Project 2: Conversation Episode Store

Build a storage system that captures conversations as “episodes” with embeddings, timestamps, and metadata—the foundation for episodic memory in AI agents.

Quick Reference

Attribute Value
Difficulty Level 2: Intermediate
Time Estimate 1 week (15-20 hours)
Language Python (Alternatives: TypeScript, Go)
Prerequisites Project 1 (graph basics), vector embeddings understanding, async Python
Key Topics Episodic memory, vector embeddings, chunking strategies, time-series data, hybrid storage

1. Learning Objectives

By completing this project, you will:

  1. Understand the difference between episodic and semantic memory in AI systems.
  2. Design a storage schema that captures both raw conversations and their embeddings.
  3. Implement efficient chunking strategies for conversation data.
  4. Build a retrieval system that combines recency and semantic similarity.
  5. Create the foundation for temporal queries (“what did we discuss last week?”).

2. Theoretical Foundation

2.1 Core Concepts

  • Episodic Memory: Stores specific events/experiences with temporal context. In AI, this means raw conversation turns with timestamps, not just extracted facts.

  • Vector Embeddings: Dense numerical representations of text that capture semantic meaning. Similar texts have similar vectors (close in embedding space).

  • Chunking Strategy: How you split conversations affects retrieval quality. Options: by turn, by time window, by topic shift, by token count.

  • Hybrid Storage: Combining graph (relationships), vector (semantics), and traditional (metadata) storage for complete memory.

2.2 Why This Matters

Raw conversations contain nuance that extracted facts lose:

  • Tone and sentiment (“user was frustrated”)
  • Context (“this was discussed after the meeting”)
  • Uncertainty (“user mentioned they might change their mind”)

Episodic memory preserves this richness for later retrieval and synthesis.

2.3 Common Misconceptions

  • “Just store everything in vectors.” Vectors alone lose structure, time, and exact wording.
  • “Chunking doesn’t matter.” Poor chunking fragments context and hurts retrieval.
  • “Recency is enough.” Users often ask about semantically relevant old conversations.
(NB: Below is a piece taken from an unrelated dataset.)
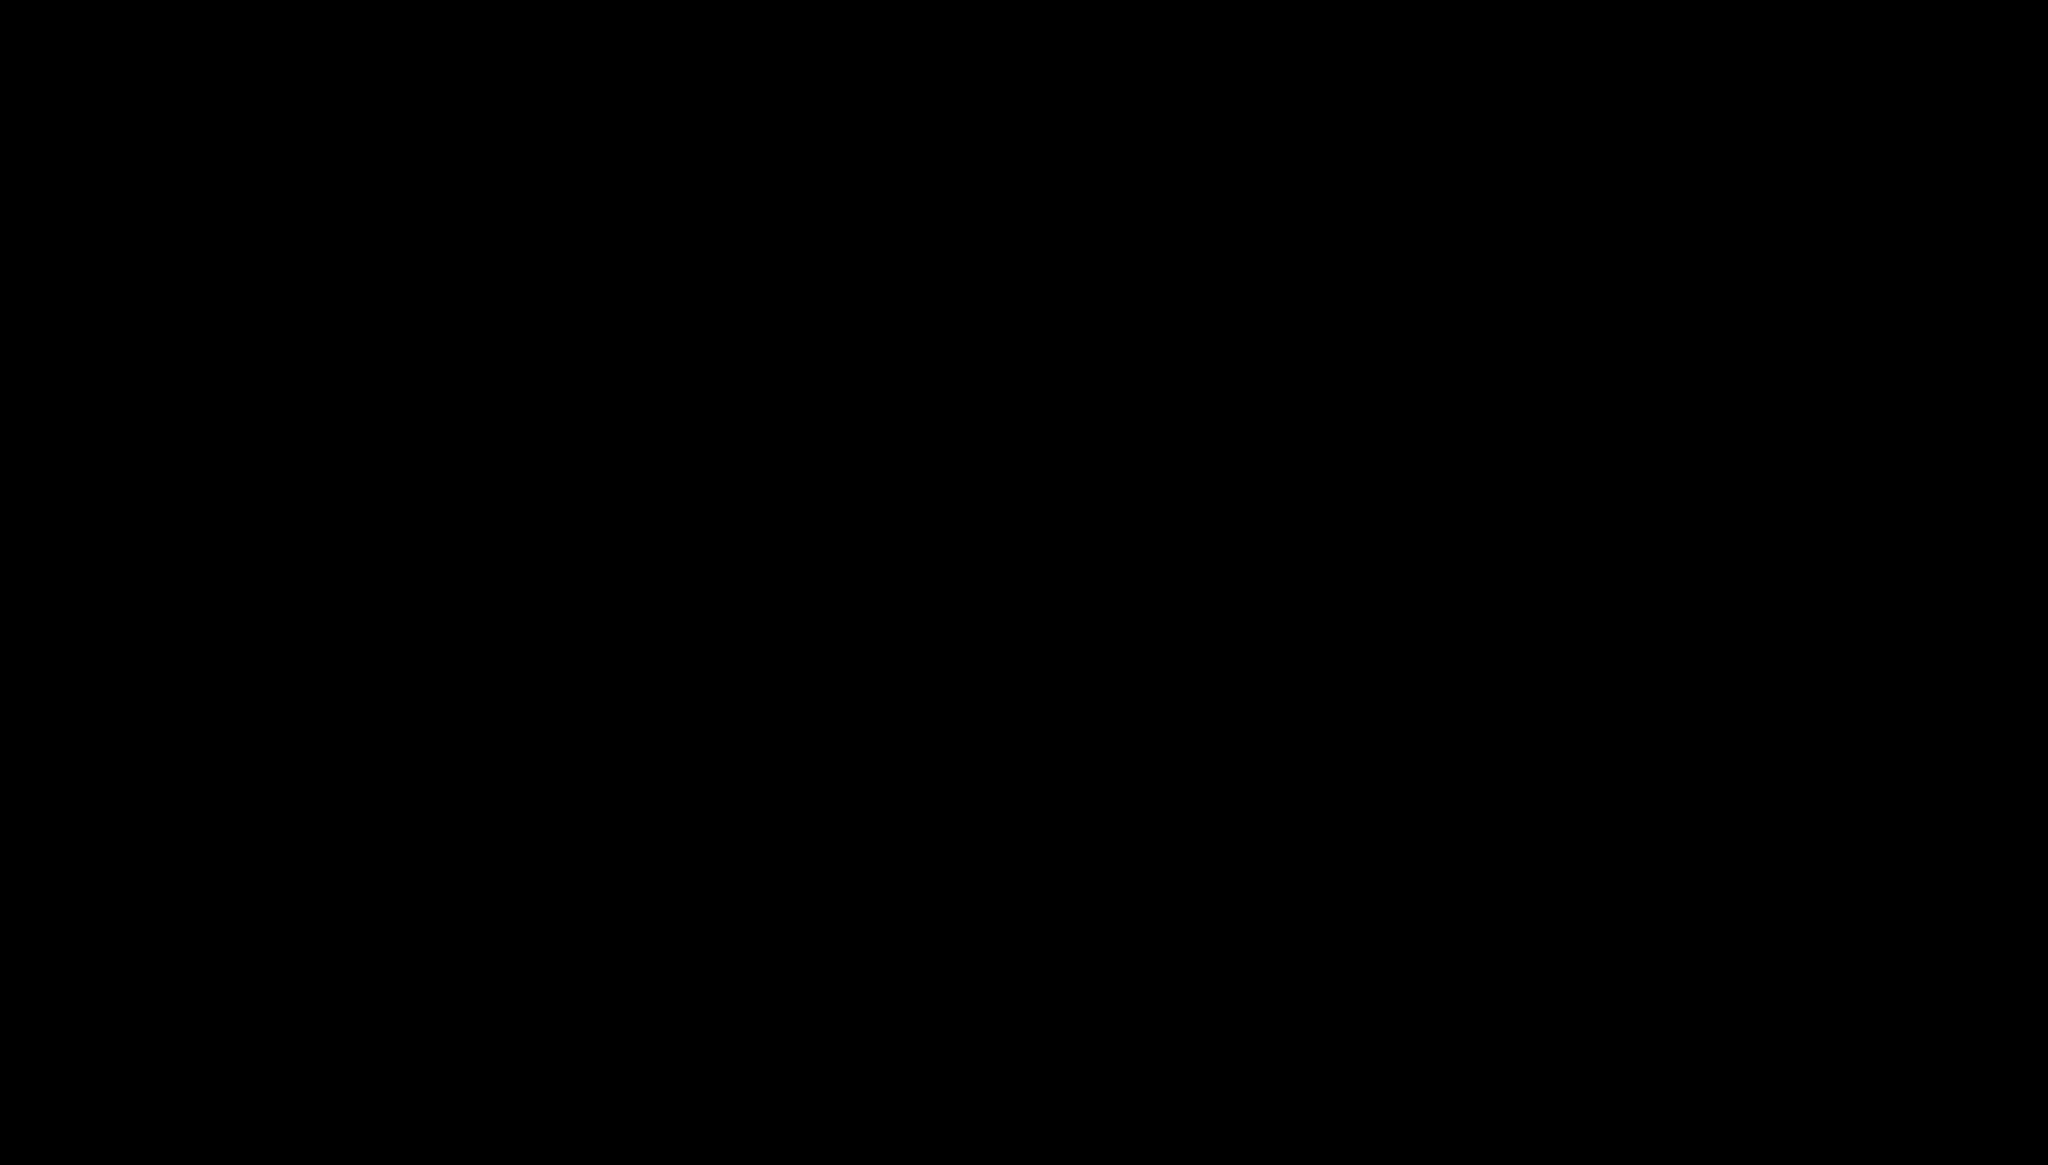 mg_4019

2.4 ASCII Diagram: Episode Structure

CONVERSATION SESSION
====================

┌────────────────────────────────────────────────────────┐
│ Session: sess_001                                      │
│ Started: 2024-12-15T10:00:00Z                         │
│ User: user_123                                         │
└────────────────────────────────────────────────────────┘
         │
         ▼
┌─────────────────┐   ┌─────────────────┐   ┌─────────────────┐
│ Episode 1       │   │ Episode 2       │   │ Episode 3       │
│ Turns: 1-5      │──▶│ Turns: 6-12     │──▶│ Turns: 13-18    │
│ Time: 10:00-02  │   │ Time: 10:03-08  │   │ Time: 10:09-15  │
│ Topic: greeting │   │ Topic: API help │   │ Topic: debugging│
│                 │   │                 │   │                 │
│ ┌─────────────┐ │   │ ┌─────────────┐ │   │ ┌─────────────┐ │
│ │ Embedding   │ │   │ │ Embedding   │ │   │ │ Embedding   │ │
│ │ [0.12, ...] │ │   │ │ [0.45, ...] │ │   │ │ [0.78, ...] │ │
│ └─────────────┘ │   │ └─────────────┘ │   │ └─────────────┘ │
└─────────────────┘   └─────────────────┘   └─────────────────┘

3. Project Specification

3.1 What You Will Build

A Python library and CLI for storing and retrieving conversation episodes:

  • Store conversations as episodes with embeddings
  • Retrieve by recency, semantic similarity, or both
  • Support multiple users/sessions
  • Export episodes for analysis

3.2 Functional Requirements

  1. Store episode: store.add_episode(session_id, turns, metadata)
  2. Retrieve by recency: store.get_recent(user_id, limit=10)
  3. Retrieve by similarity: store.search(query, user_id, top_k=5)
  4. Hybrid retrieval: store.retrieve(query, user_id, recency_weight=0.3)
  5. List sessions: store.get_sessions(user_id)
  6. Export session: store.export(session_id, format='json')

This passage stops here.